To the north of the core Newark East play area Devon and other operators are trying to unravel the secrets of an area where the Viola is present but is wet in many places.

"We’ve drilled over 30 wells in this area, but water in the Viola has caused some difficulty in making economic wells," Whitley said. "All the operators are trading data in an effort to figure out what completion techniques will work best.

"This is a particularly important area for Devon," he continued, "because this is rich Barnett gas that would feed our Bridgeport processing plant, which is currently undergoing its third expansion in two years."

The company plans to do some additional science using formation microimaging tools, downhole sonic logs and other technologies to get a better idea of the fracture mechanics in the area.

"We also will try some different completion techniques," Whitley said. "For example, one method we will look at is intentionally fracturing the Viola to try and charge it up and then stimulate the Barnett on top without re-stimulating the Viola.

"We've had limited luck with this technique so far," he added, "but we will continue to refine our efforts."

Thinking Big

A third Barnett play area that is garnering attention is south of Fort Worth in Johnson County. Devon is particularly focused on this area because the firm has primary term leases that have to be drilled.

"We are by far the largest leaseholder in Johnson County with over 80,000 acres," Whitley said. "We know the Barnett is present, but again we are not sure what it will look like."

Devon plans to drill a three-well program in the most prospective area of our acreage later this year.

Despite the Barnett's tremendous success over the last several years, much work remains before the full extent of this huge natural gas resource will be tapped.

"Devon Energy knows more about the Barnett as a company than any firm, but what they know is the tip of the iceberg," Steward said. "There is no such thing as a Barnett expert yet -- we’ve just scratched the surface of what we have to know about the Barnett."

But there's an optimism that's unusual for an onshore domestic play.

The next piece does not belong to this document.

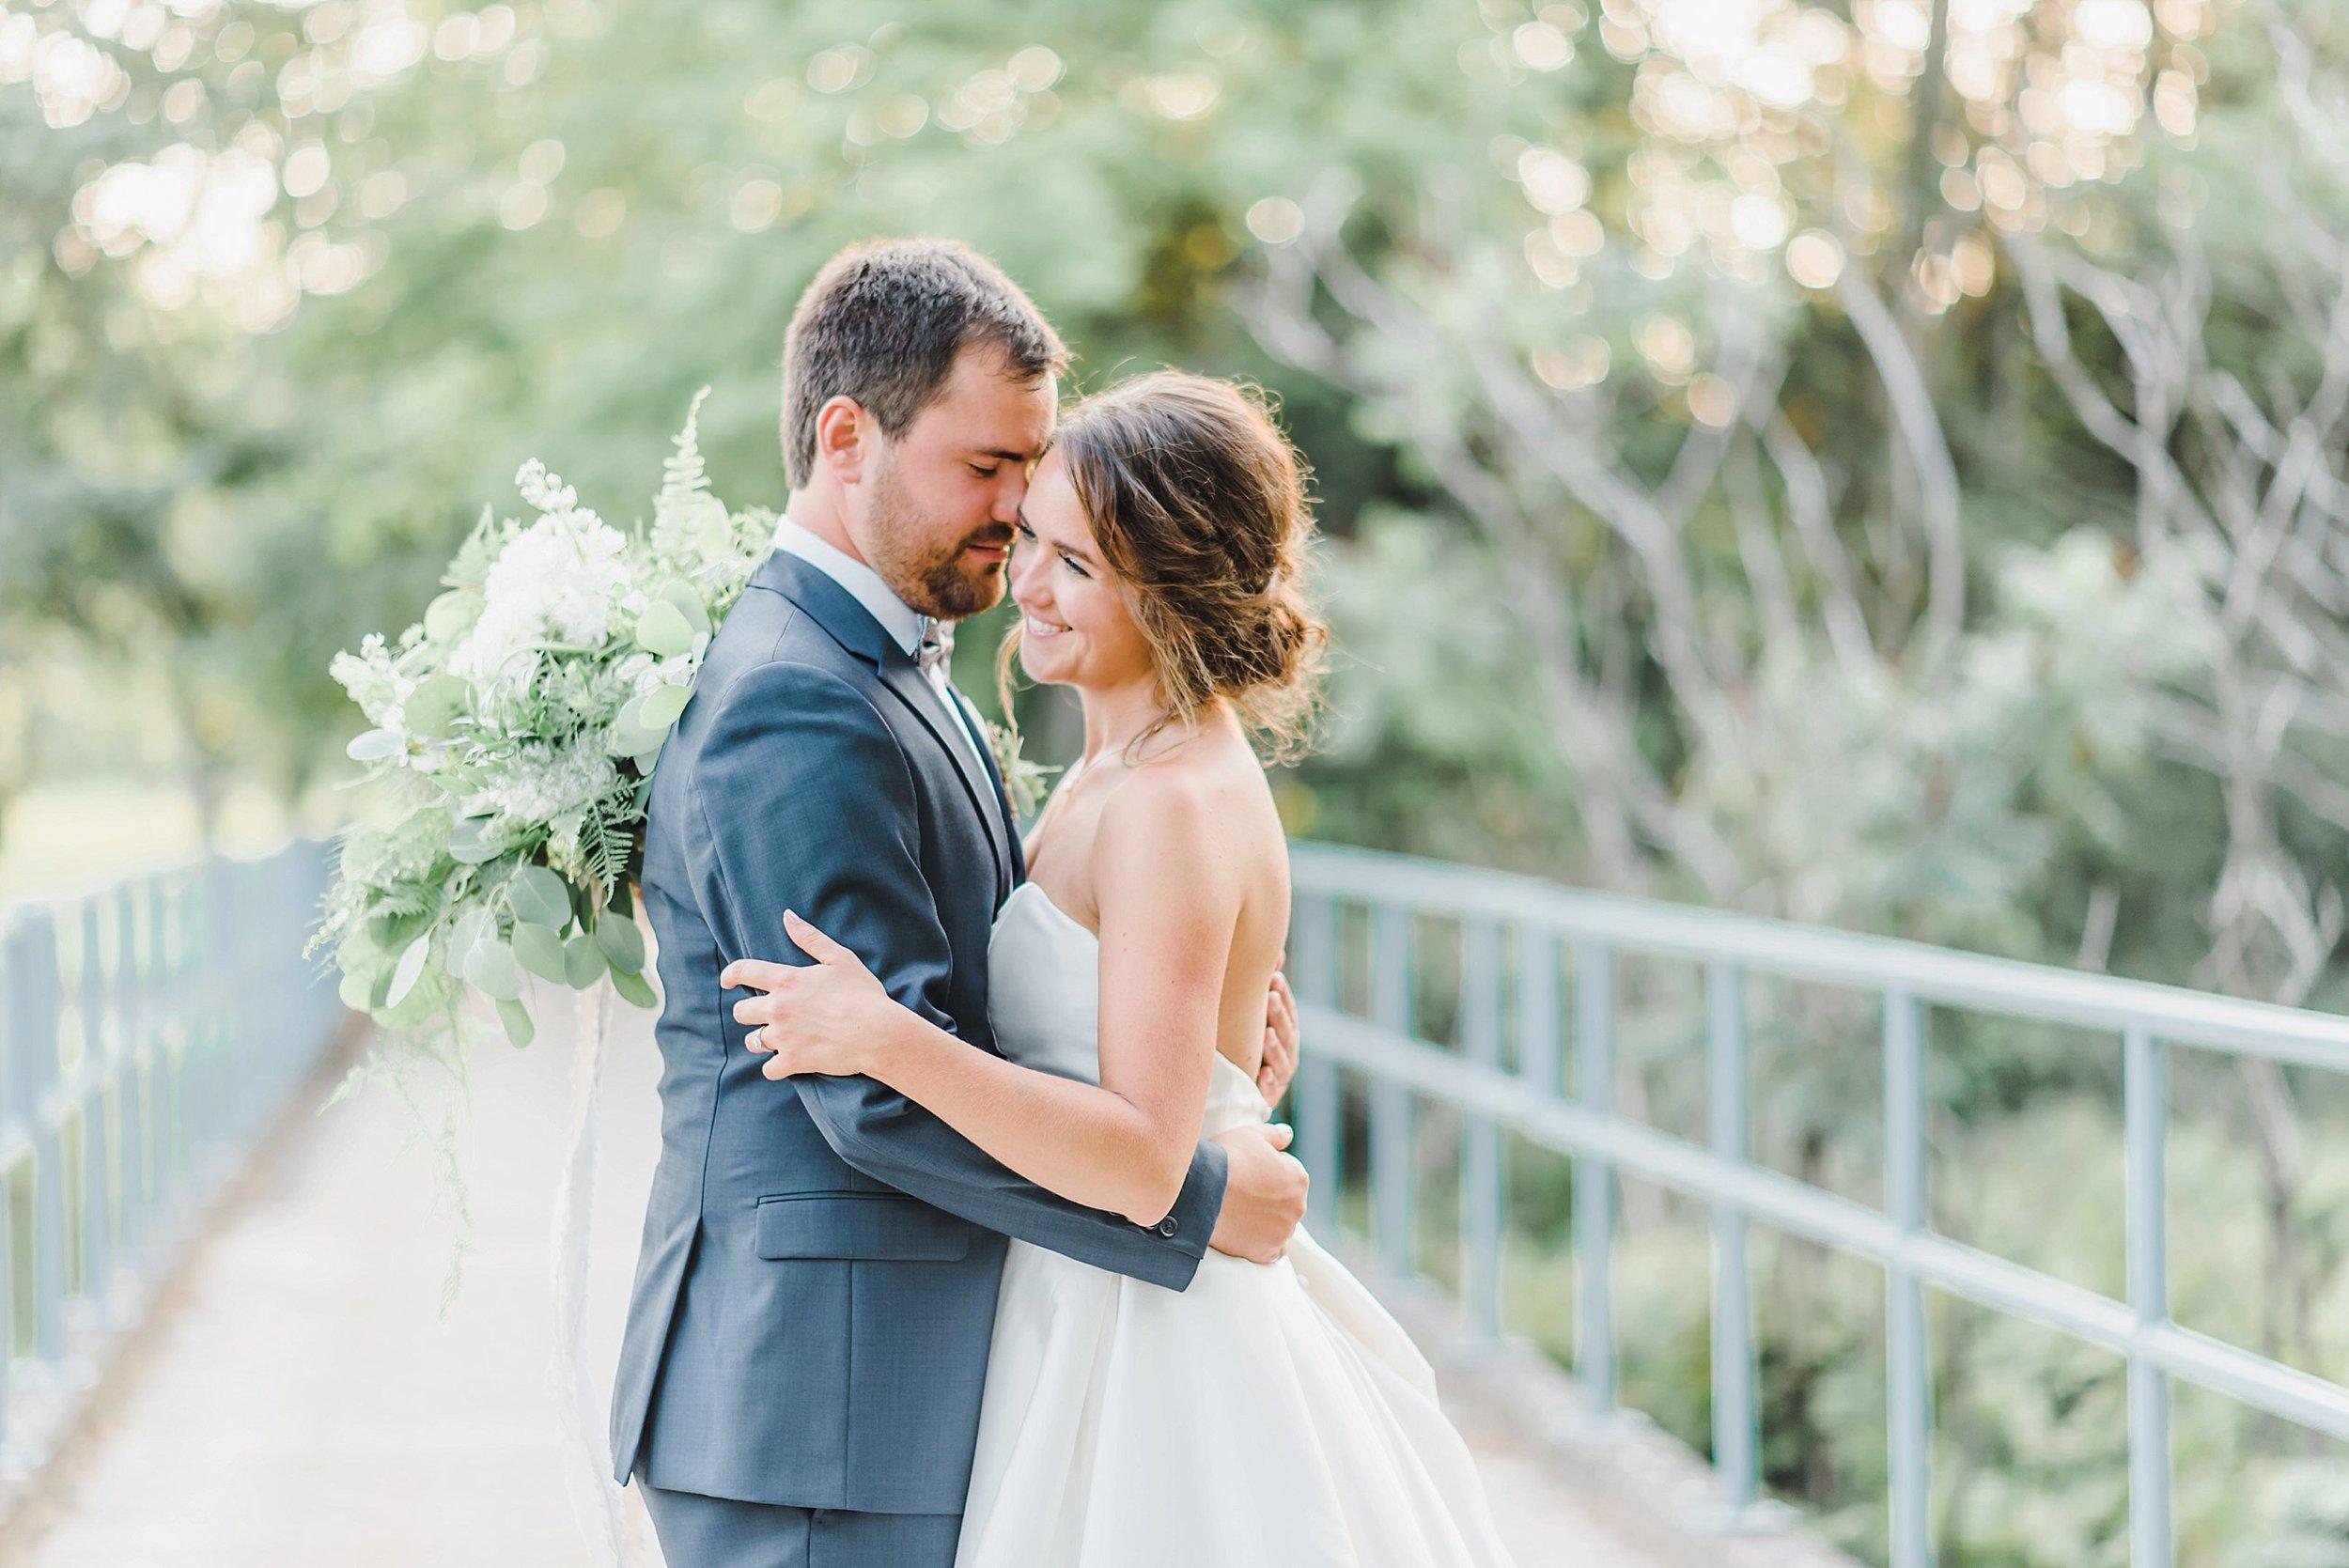 light airy indie fine art ottawa wedding photographer | Ali and Batoul Photography_0567.jpg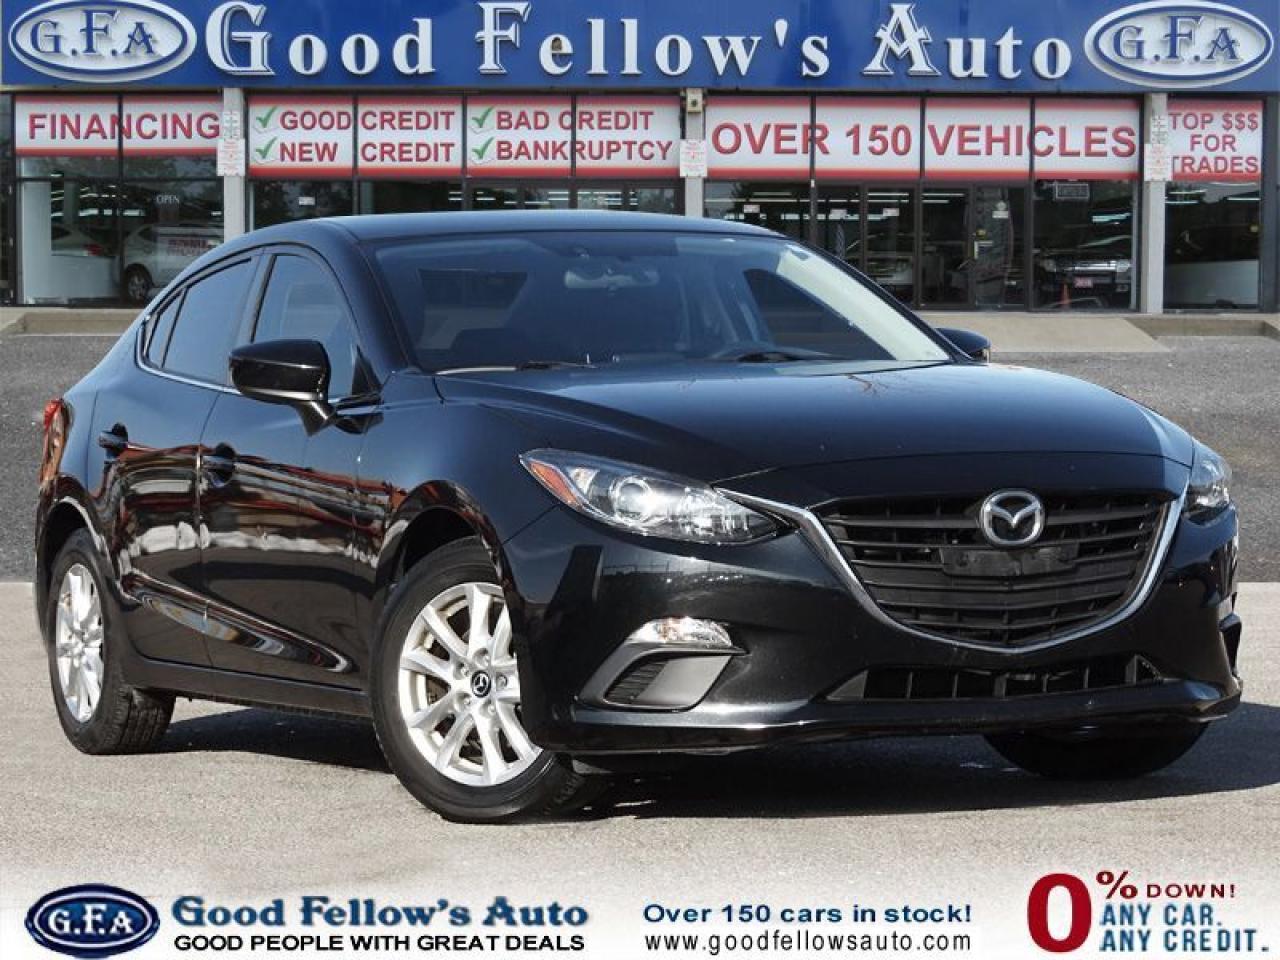 2015 Mazda MAZDA3 GS MODEL, SKYACTIV, REARVIEW CAMERA, HEATED SEATS

"I personally believe the Barnett Shale will ultimately be larger from the standpoint of reserves than the Hugoton Field, which is currently considered the largest onshore natural gas field in the United States," he said.

Brogdon agreed.

"We will all be dead and folks will still be drilling Barnett wells," he said. "There are literally thousands of infill wells to be drilled in the core areas and operators will continue to push its limits. To me this is the perfect play. I've always dreamed of a play of moderate depth with no pressure problems, a high success ratio, simple operations and a location right out the back door."

Republic geologist Brad Curtis said that "in a play of this size where competition is fierce and technology is lacking, new information and clues to understanding the shale are uncovered every day. At a minimum, the play requires an integration of specialities within a company.

"The limited amount of exchange that existed in the early 1990s allowed Republic Energy to become the active player that it is today," he added.

"This 18- to 20-year overnight sensation is the kind of success story in the heart of the oil patch that makes you realize there are still tremendous opportunities for new reserves," Bowker said, "if you are willing to be persistent, push the scientific envelope and think outside the box."